しかし急速充電への対応が最大55kWhと遅いのが難点であるとは言えます。

とはいえこれは「顧客の9割以上が自宅充電」というこれまでの「シボレー・ボルトEV」の顧客から得られた情報を反映させて、充電出力を上げることよりもコストダウンの方を選んだとのことです。

おかげで価格面では現在バイデン政権が検討中の「7000ドルの税控除」が適用されれば200万円台後半で買える、最もコスパの良い電気自動車の一つになります。

シボレー・ボルトEV

また「Super Cruise(スーパー・クルーズ)」と呼ばれるハンズフリー運転支援システムを、シボレーブランドのクルマで初めて搭載したのも特徴ですが、完全に手放し運転が可能(認可されている道路区間のみ)な機能は標準装備ではなくオプションになりますが将来の自動運転への備えも万全です。

現在GMが日本での販売網から撤退してしまっているので「シボレー・ボルトEV」が日本に上陸するかは不明(というか期待薄)ですが、ドイツのオペル社が以前GMの傘下(現在はPSA傘下)だったのもあり、OEM生産は続いており、「オペル・アンペラ-e (Opel Ampera- e) 」が「シボレー・ボルトEV」と中身は一緒です。

オペル・アンぺラEV

2021年中にオペルが日本市場での販売を再開する予定ですので、オペルブランドとしてであれば「シボレー・ボルトEV」とほぼ同じものに触れる機会はあるかもしれません。

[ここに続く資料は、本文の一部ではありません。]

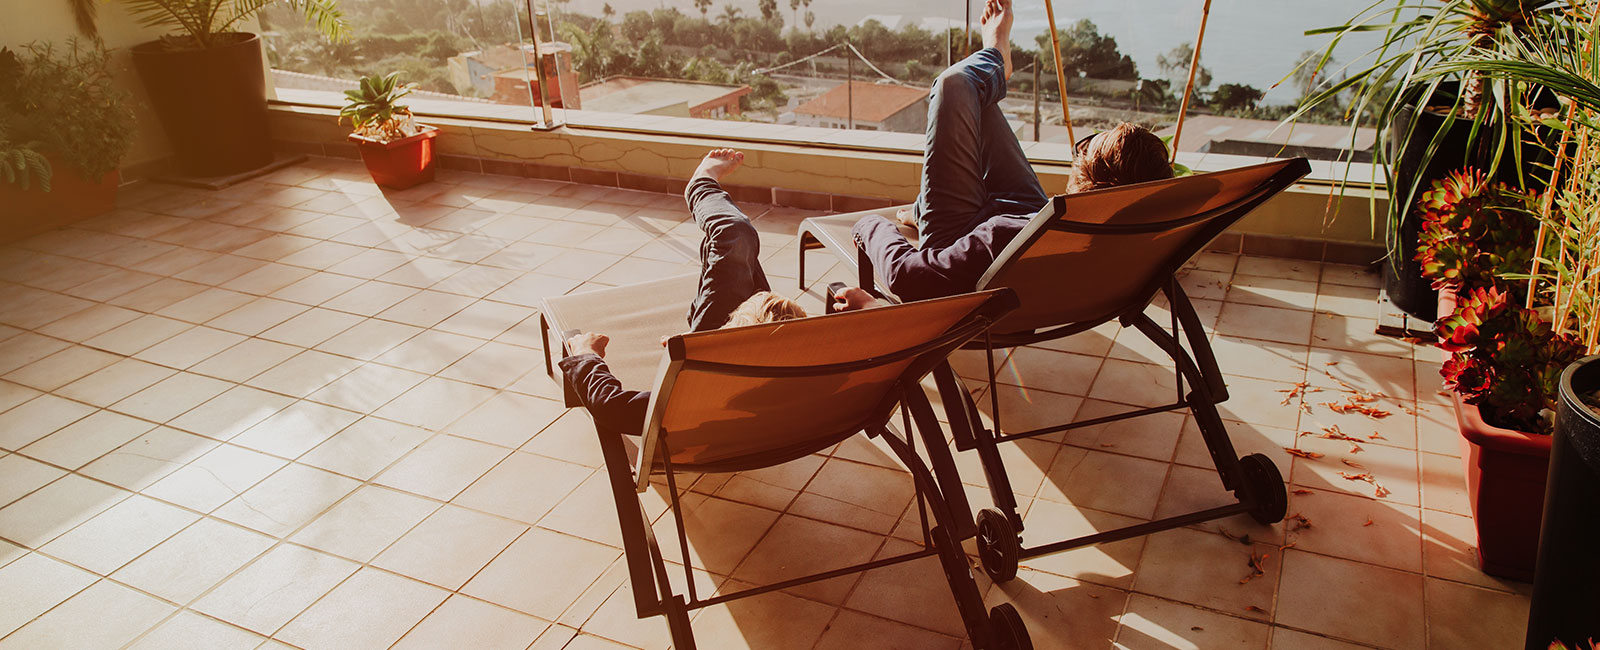 sonne balkon entspannen liegestuhl
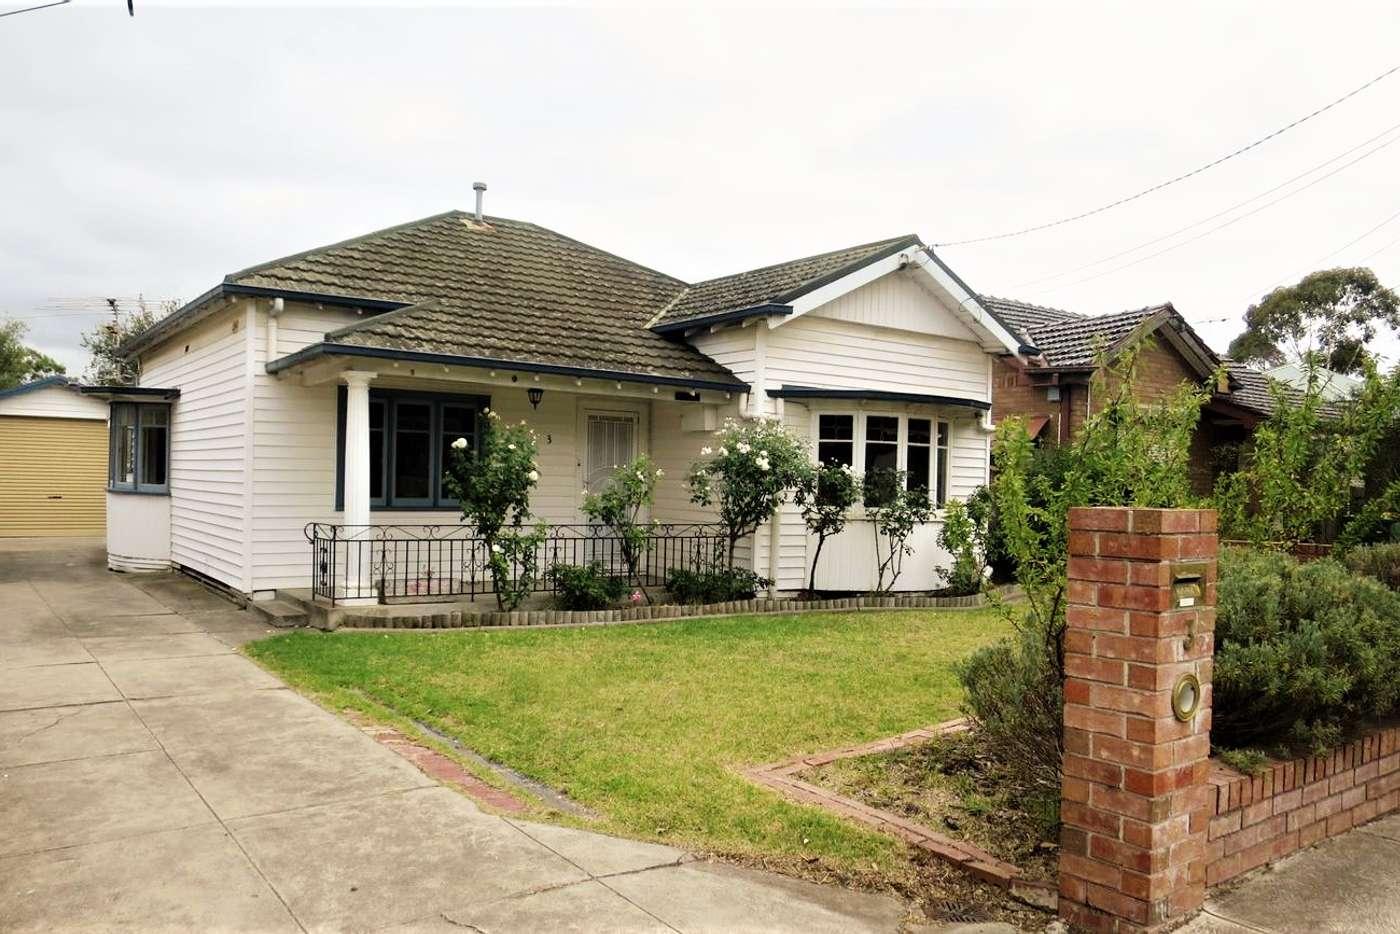 Main view of Homely house listing, 3 Devon Street, Preston VIC 3072

「日本車=低価格で高品質」は過去の話でアメリカと立場逆転?

キャデラックLyriq
本日紹介した「シボレー・ボルトEV」や昨日紹介した中国の「ORA BlackCat」のようなコンパクトカー・軽自動車サイズの車というのはガソリン車の時代は日本車の天下でした。

それがこのようにアメリカや中国のメーカーに先に仕掛けられてしまっています。

「ハイブリッドで日本にかなわないからヨーロッパもアメリカも中国も電気自動車始めたんだ」と反発したくなる人は多いでしょうし、実際に日本で遅れているEVにシフトして「日本車潰し」の一環であることはおそらく間違いないでしょう。

しかし先日も言ったように「世界のルール設定」に失敗したのですから、急いで電気自動車に対応していかないと、5-10年後には先進国の大半で「内燃機関車(エンジン搭載車)」の販売が禁止されてしまった時に詰んでしまいます。

本日紹介してきた「テスラ・モデル3」に対抗できるミッドサイズセダン、「シボレー・ボルトEV」に対抗できる電気自動車を日本メーカーも開発する必要があるのですが、先ほど引用した表にあるように依然としてEVへのやる気を感じないところが残念です。

どっかの会社のように電気自動車の発売のリリースで「でもPHEVの方が性能いいけどね」的な嫌味な一言をホームページに掲載するメーカーとテスラやGMなどの本気で電気自動車に取り組んでいるメーカーとの差が開くばかりです。